You can also fine cases of stars who required many roles before they found one that clicked. George Clooney comes to mind. but Clooney was less next big thing and more lost cause, toiling away in obscure roles until finally getting a hit with ER (believe it or not the second show by that name he has appeared in).
The classic next big thing career arc, where the actor is given better and better rolls despite a lack off audience response, almost never ends well which brings us to
Ryan Reynolds.
The early returns are in, and it looks like a weekend to forget for Ryan Reynolds.
The actor’s two new films -- the animated “Turbo” and the sci-fi comedy “R.I.P.D.” -- are off to dreadful starts at the box office, according to rough estimates based on Friday matinee figures.

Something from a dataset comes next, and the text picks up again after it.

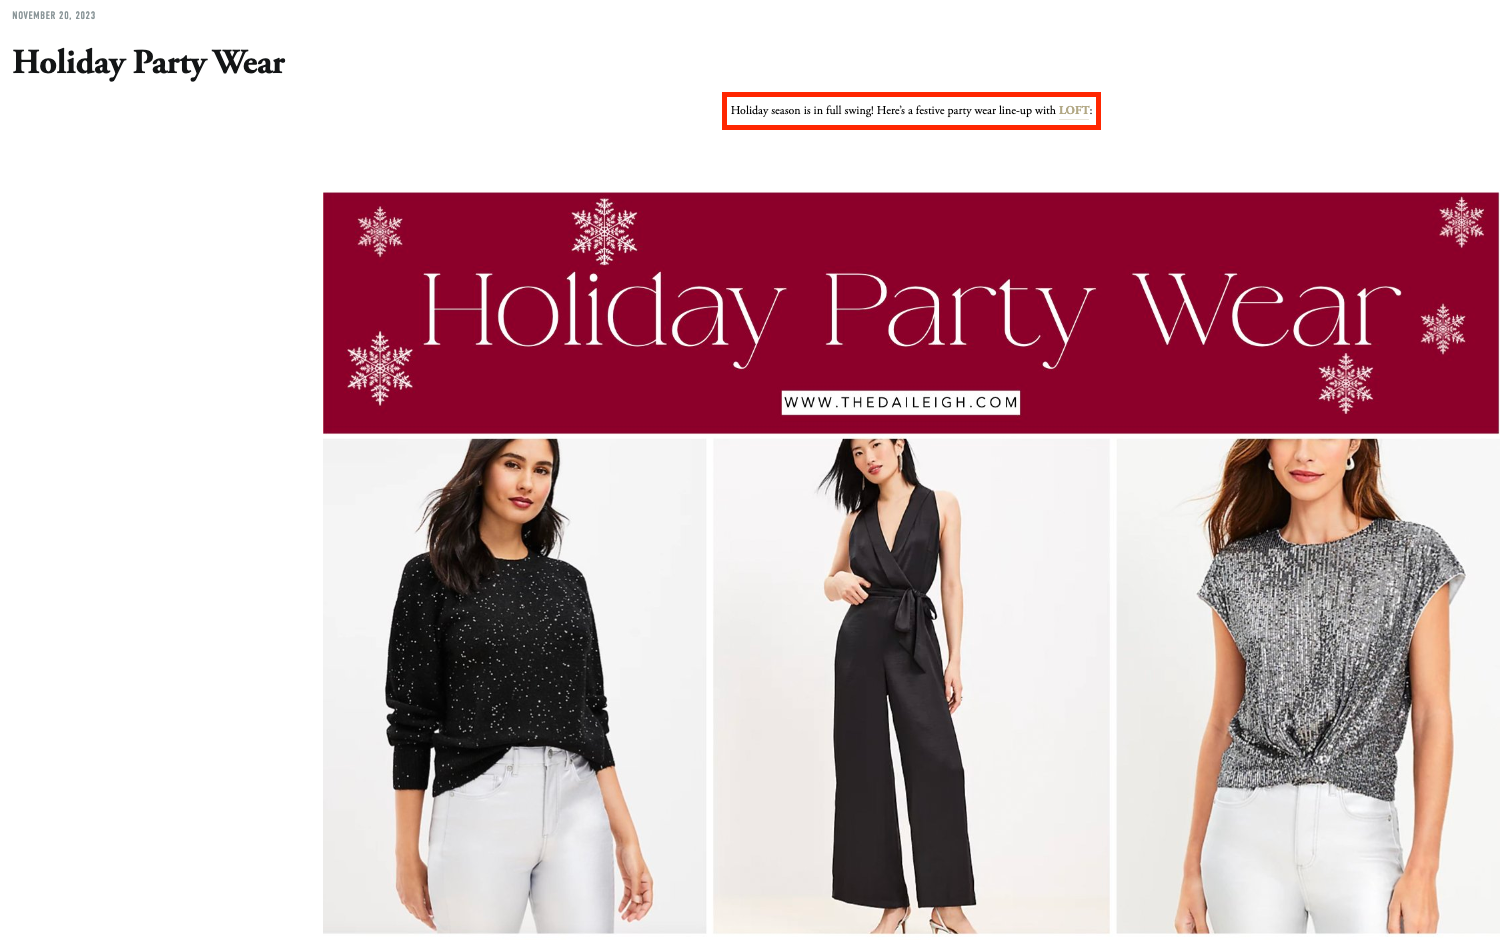 Holiday party wear newsletter featuring LOFT affiliate links

The $130-million “R.I.P.D.” may struggle just to gross $10 million in its first three days of release, the estimates show. And the even more expensive "Turbo" could gross barely double that.
...
“Red 2” should also surpass the $135-million “Turbo,” from DreamWorks Animation and distributor 20th Century Fox, which looks to gross $20 million or less in its first three days in theaters (the film opened Wednesday). “Turbo’s” desultory launch will probably be below the third weekend's returns for “Despicable Me 2.
(And in case you're wondering $135 million is on the high end for a non-Pixar computer animated film.
Despicable Me 2 had a budget of $76 million.)
We probably shouldn't put too much blame on Ryan Reynolds shoulders for the failure of
Turbo. One of the lessons of Pixar is that animated films are not particularly star driven. It is reasonable to assume that the success of
the Incredibles and
Finding Nemo cannot be credited to the box office clout of Craig T Nelson and Albert Brooks. Still, it is also reasonable to assume that having Ryan Reynolds as the lead of the picture did not do a lot to drive ticket sales.
By the same token but to a lesser degree, there's a limit to Reynolds' role in the failure of
RIPD. This was a badly reviewed, badly marketed movie that obviously had studio executives nervous well before its release. Part of that nervousness was due to the lack of interest Reynolds was inspiring, but it's not clear that a different actor could have made this a break-even project.
What we can conclude, again with the usual counterfactual caveats, is that there is no evidence that Reynolds can pull people into the theater. That is not to say he chases people out --
Safe House and
Wolverine did good business while the Sandra Bullock romantic comedy
The Proposal broke an astounding $300 million worldwide -- but when it comes to what we might call Reynolds' "Sweet Home" moments, films such as
the Change-up that largely depend on the star's pull, he has consistently underperformed.
The point here is not that Reynold's career is hopeless partially because many would-be next-big-thing leading men (Robert Preston, Leslie Nielsen) have reinvented themselves after faltering careers but mainly because there's a bigger issue here. Despite their reputation for rationality, corporations and even entire industries are as vulnerable to extraordinary popular delusions as the rest of us are. These beliefs are usually fundamentally optimistic, revolving around the some promising development. It can be faith in the potential star power of an actor despite major box office disappointments or the conviction that a new business model can save an industry despite the fact that no one can explain how it can make any money.